From the description:

With a community of over 500 contributors, Apache Hadoop and related projects are evolving at an ever increasing rate. Join the co-creator of Apache Hadoop, Doug Cutting, and Cloudera’s Chief Scientist, Jeff Hammerbacher, for a discussion of the most exciting new features being developed by the Apache Hadoop community.

The primary focus of the webinar will be the evolution from the Apache Hadoop kernel to the complete Apache Bigtop platform. We’ll cover important changes in the kernel, especially high availability for HDFS and the separation of cluster resource management and MapReduce job scheduling.

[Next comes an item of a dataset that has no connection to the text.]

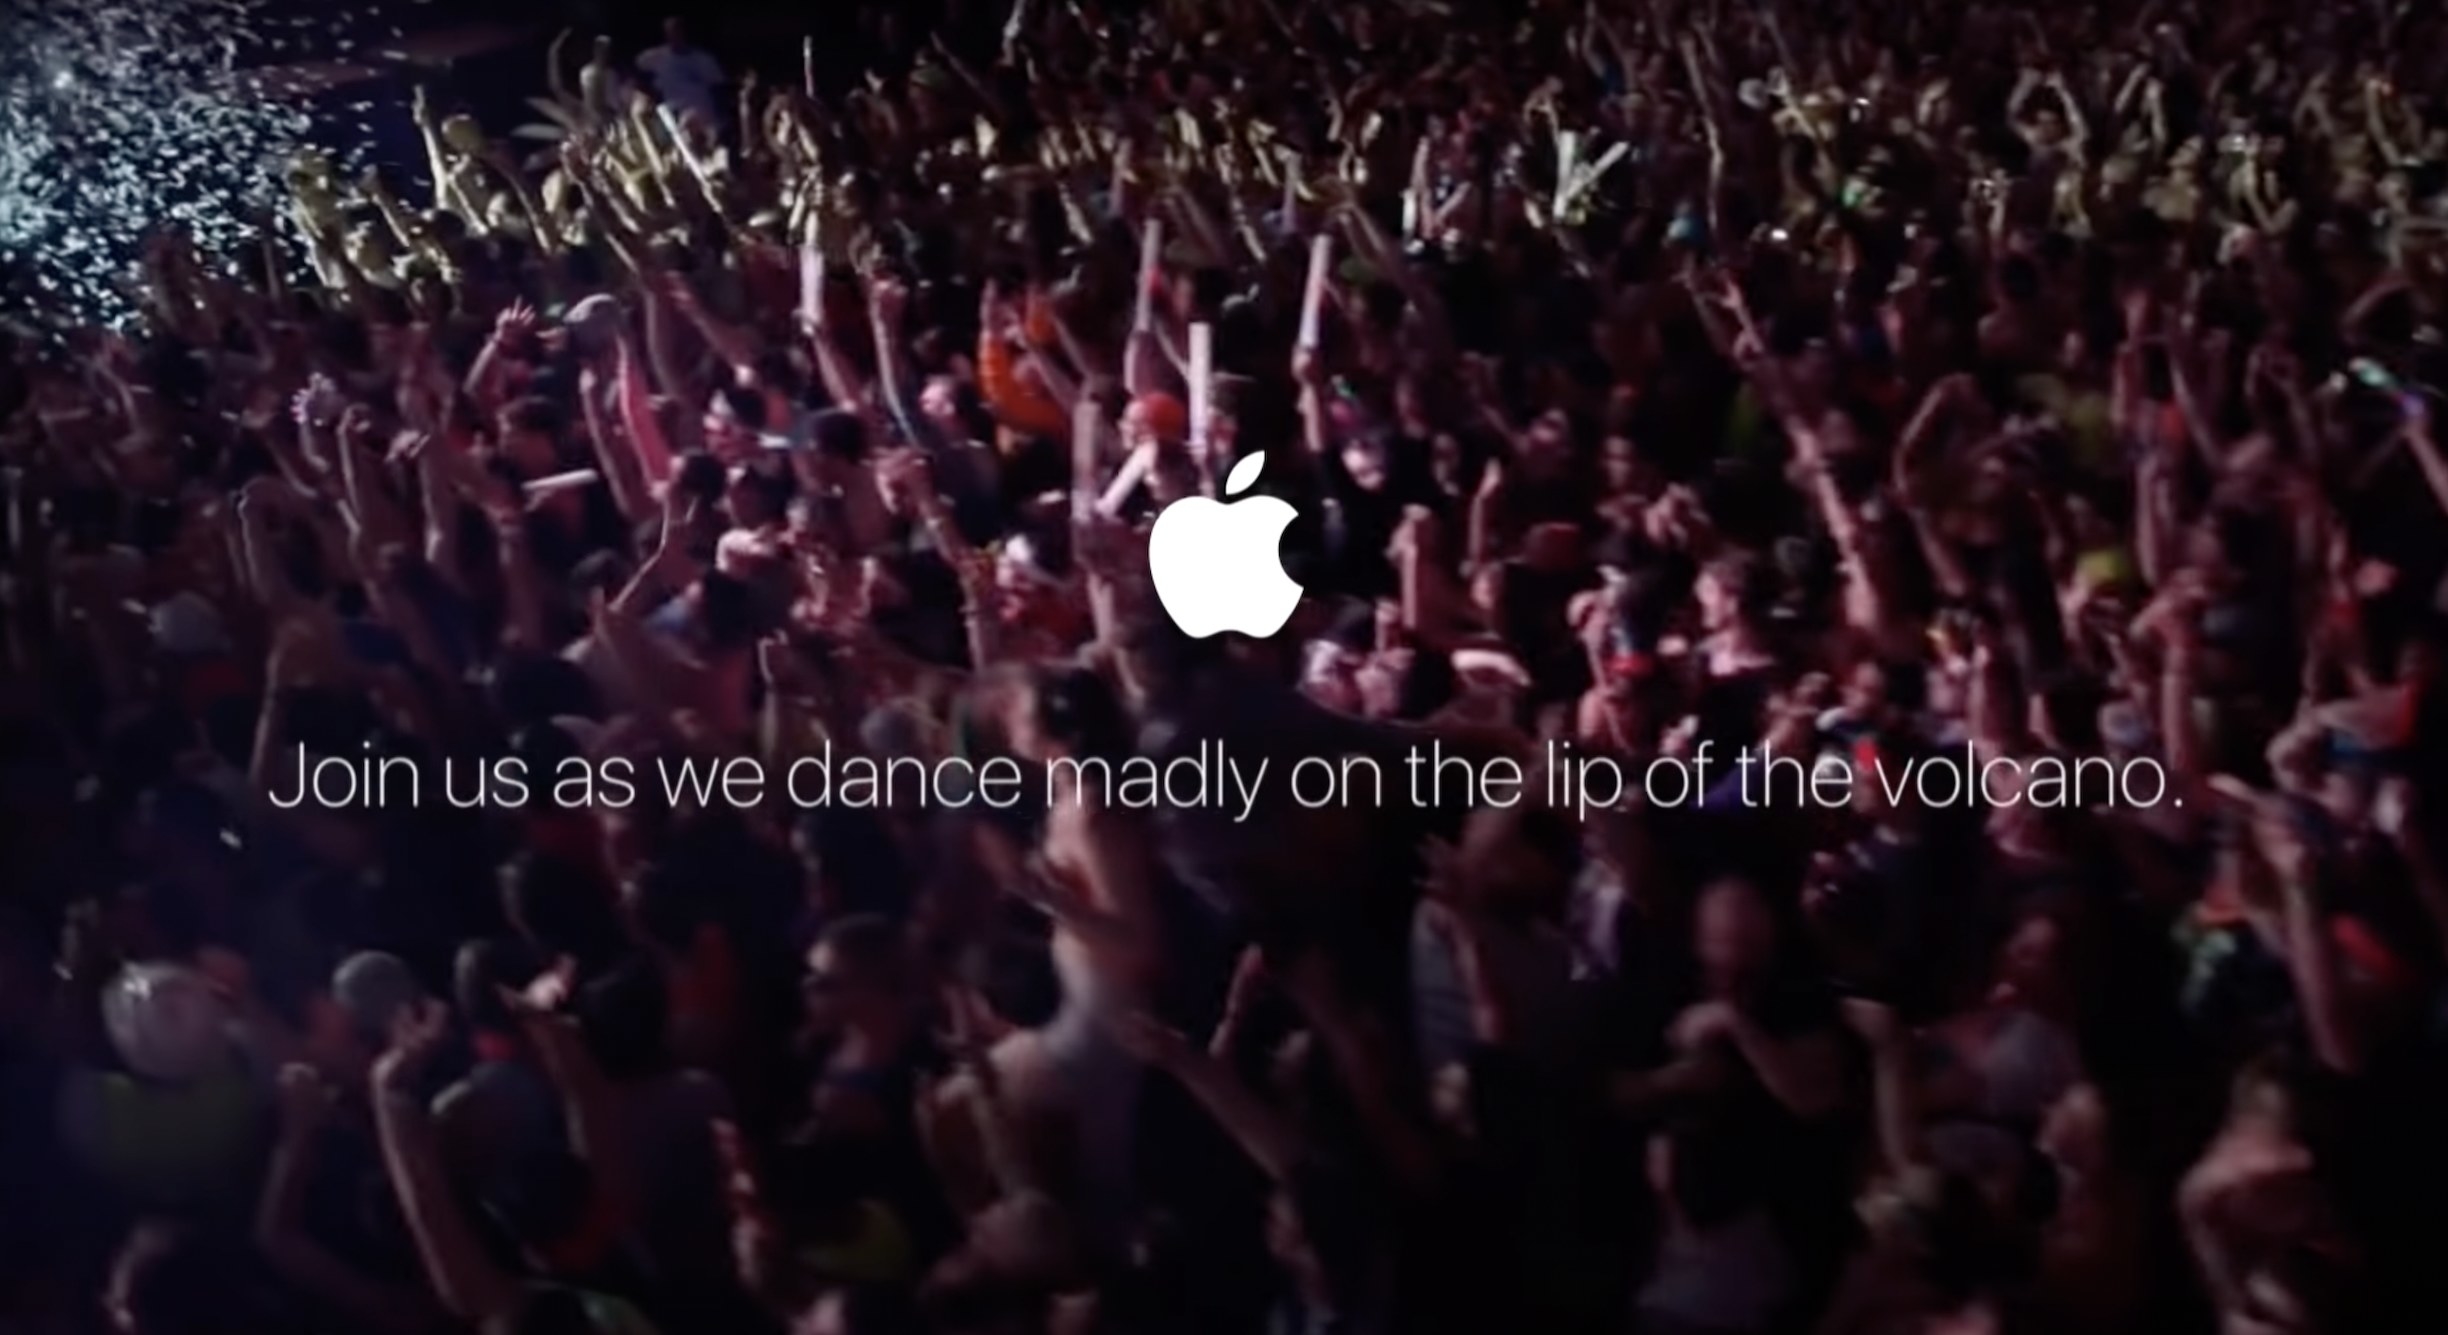 看起来像Apple添加的东西，在一个口号上的苹果徽标下方的人群的图像说，当我们疯狂地在火山的嘴唇上跳舞时，加入我们

We’ll discuss changes to throughout the platform, including support for Snappy-based compression and the Avro data file format in all components, performance and security improvements across all components, and additional supported operating systems. Finally, we’ll discuss new additions to the platform, including Mahout for machine learning and HCatalog for metadata management, as well as important improvements to existing platform components like HBase and Hive.

Both the slides and the recording of this webinar are available but I would go for the recording.

One of the most informative and entertaining webinars I have seen, ever. Cites actual issue numbers and lays out how Hadoop is on the road to becoming a stack of applications that offer a range of data handling and analysis capabilities.

If you are interested in data processing/analysis at any scale, you need to see this webinar.

Road To A Distibuted Search Engine

Sunday, August 28th, 2011

Road To A Distributed Search Engine by Shay Banon.

If you are looking for a crash course on the construction details of Elasticsearch, you are in the right place.

My only quibble and this is common to all really good presentations (this is one of those) is that there isn’t a transcript to go along with it. There is so much information that I will have to watch it more than once to take it all in.

If you watch the presentation, do pay attention so you are not like the person who suggested that Solr and Elasticsearch were similar. 😉

Saturday, August 27th, 2011 OpenSource eDiscovery Engine

Gartner projects that eDiscovery will be a $1.5 Billion market by 2013.

An open source project that compares to or exceeds the capabilities of other solutions would be a very interesting prospect.

Particularly if the software had an inherent capability to merge eDiscovery results from multiple sources, say multiple plaintiffs attorneys who had started on litigation separately, but now need to “merge” their discovery results.